When Gillespie's employers, the Jockey Club-owned Racecourse Holdings Trust, took over the running of Epsom in 1994, they were quick to move the day of the Derby from the traditional first Wednesday in June to the following Saturday. This, we were assured, would revive public interest and boost betting turnover. But last year's Saturday Derby failed to achieve either of those objectives, and so with much more competition around than 12 months ago, this summer's running would revert to its customary slot. Right?

Wrong. Gillespie declared this spring that RHT were engaged in a three- year commercial experiment, and apparently there was no room for "short- termism". A concession to the sporting realities of 1996 would be to schedule an earlier start to the classic, allowing the public the opportunity to readjust their minds, and TV sets, before 3pm.

And so the world's most prestigious thoroughbred horse race was sent off at 2.25pm, sandwiched between a six-furlong handicap and a low-octane affair for apprentices. As a piece of theatrical timing, this was on a par with being shown into a smart restaurant, asking for the menu and then having the main course shoved into your lap before you had even had time to order a drink. The race was thrilling, the result popular and for about two and a half minutes the place was humming. But as a spectacle, it was over far too soon.

Of course, the racing professionals and serious freeloaders packed into the boxes in the Queen's Stand were as numerous as ever, and Gillespie was talking about upwards of 60,000 paying spectators. But what about the ordinary and once- a-year punters? How had they responded? Were there still picnics on the downs, open-top buses, gypsies, and cockneys knocking back the beer and the jellied eels?

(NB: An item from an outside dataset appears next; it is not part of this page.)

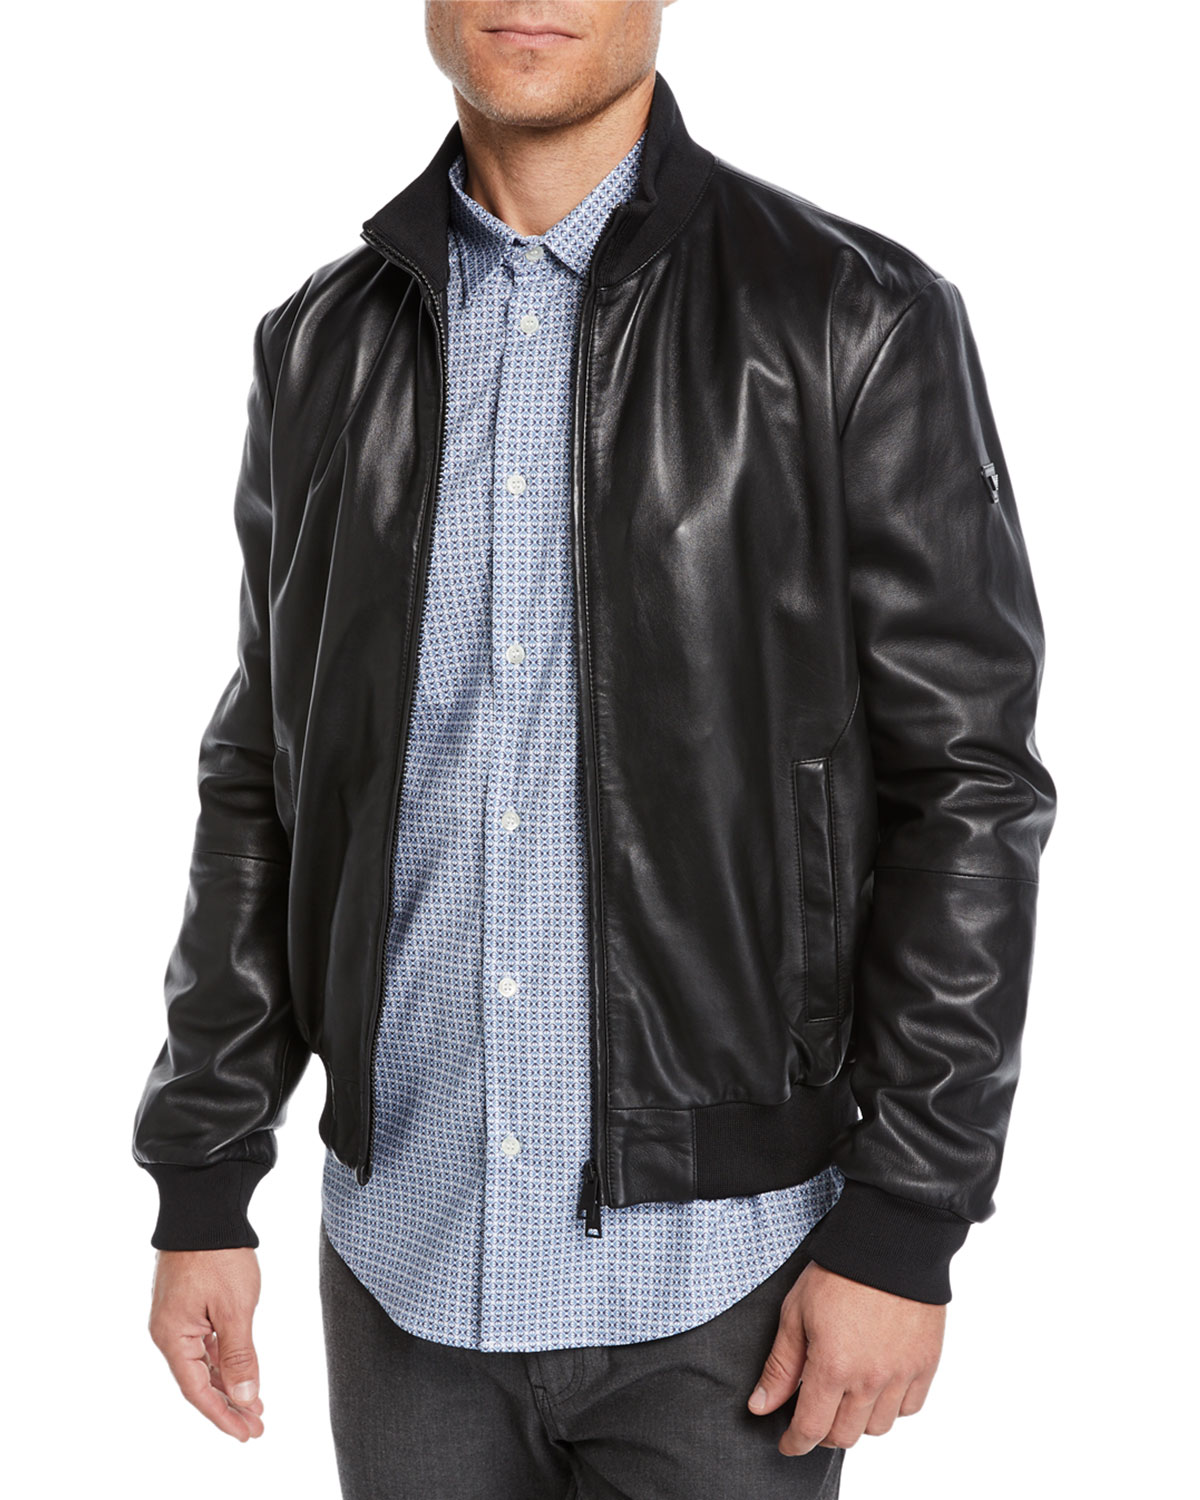 armani leather jackets,Save up to 19%,www.ilcascinone.com
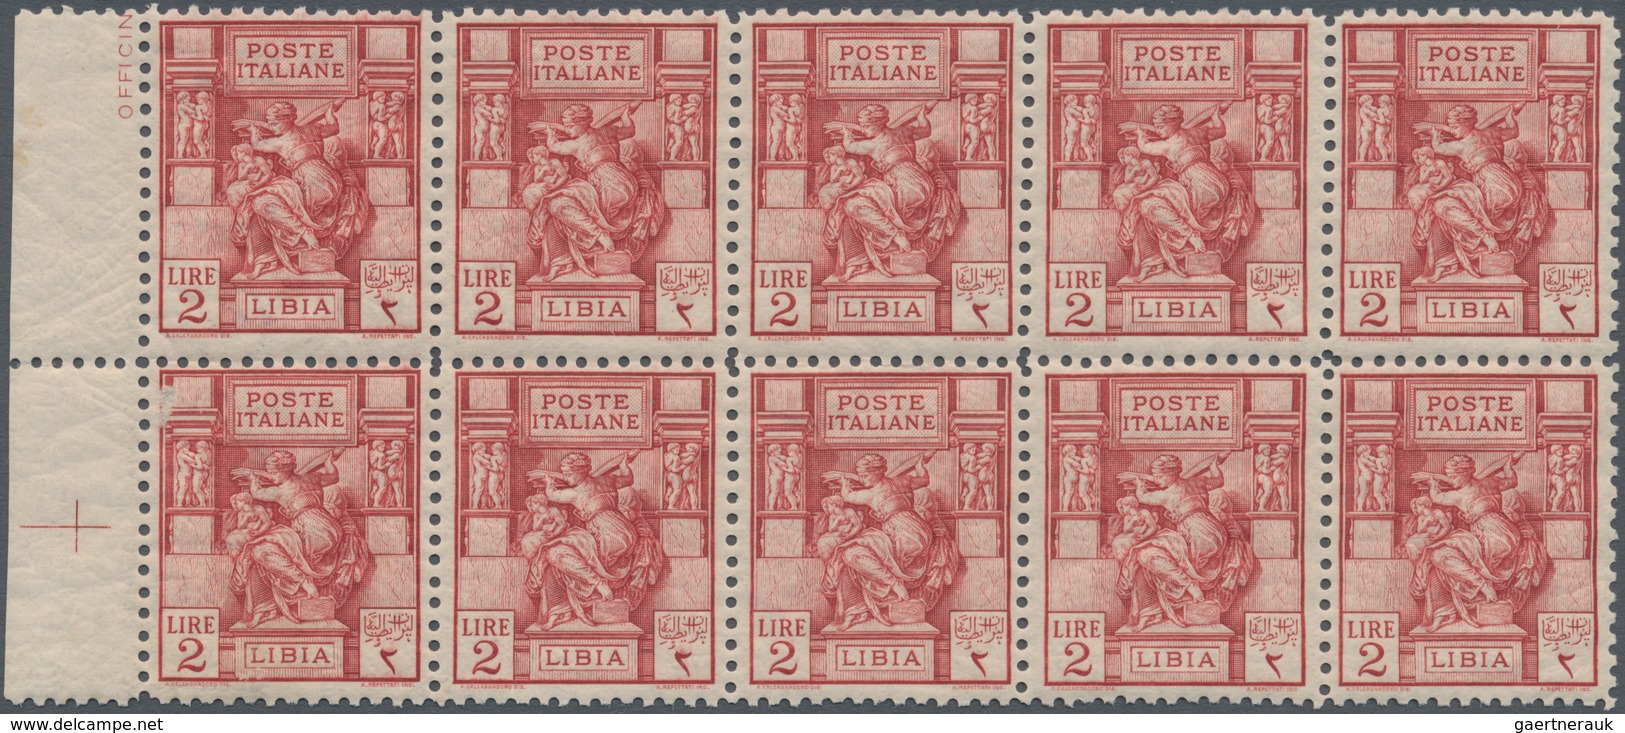 Italienisch-Libyen: 1926, Definitive Issue 2l. Carmine ‚Libyan Sybille‘ Perf. 11 In A Lot With 40 St - Libia

They were there if you looked for them, although Hogarth might have been distressed to observe how quickly some of the latter transferred their loyalty to the football on the television screens in the bars. And while the crowding in the stands was quite populist for some, when you looked out on to the hill there was nothing like the great teeming mass of humanity historically associated with Derby Day.

Maybe none of this matters. Maybe yesterday's mixture was as good as it gets and we should all just be grateful for the munificent patronage of Vodafone. And maybe those memories of half a million people cheering on Dancing Brave and Shahrastani on a Wednesday only 10 years ago are just one man's nostalgic fantasies. Maybe.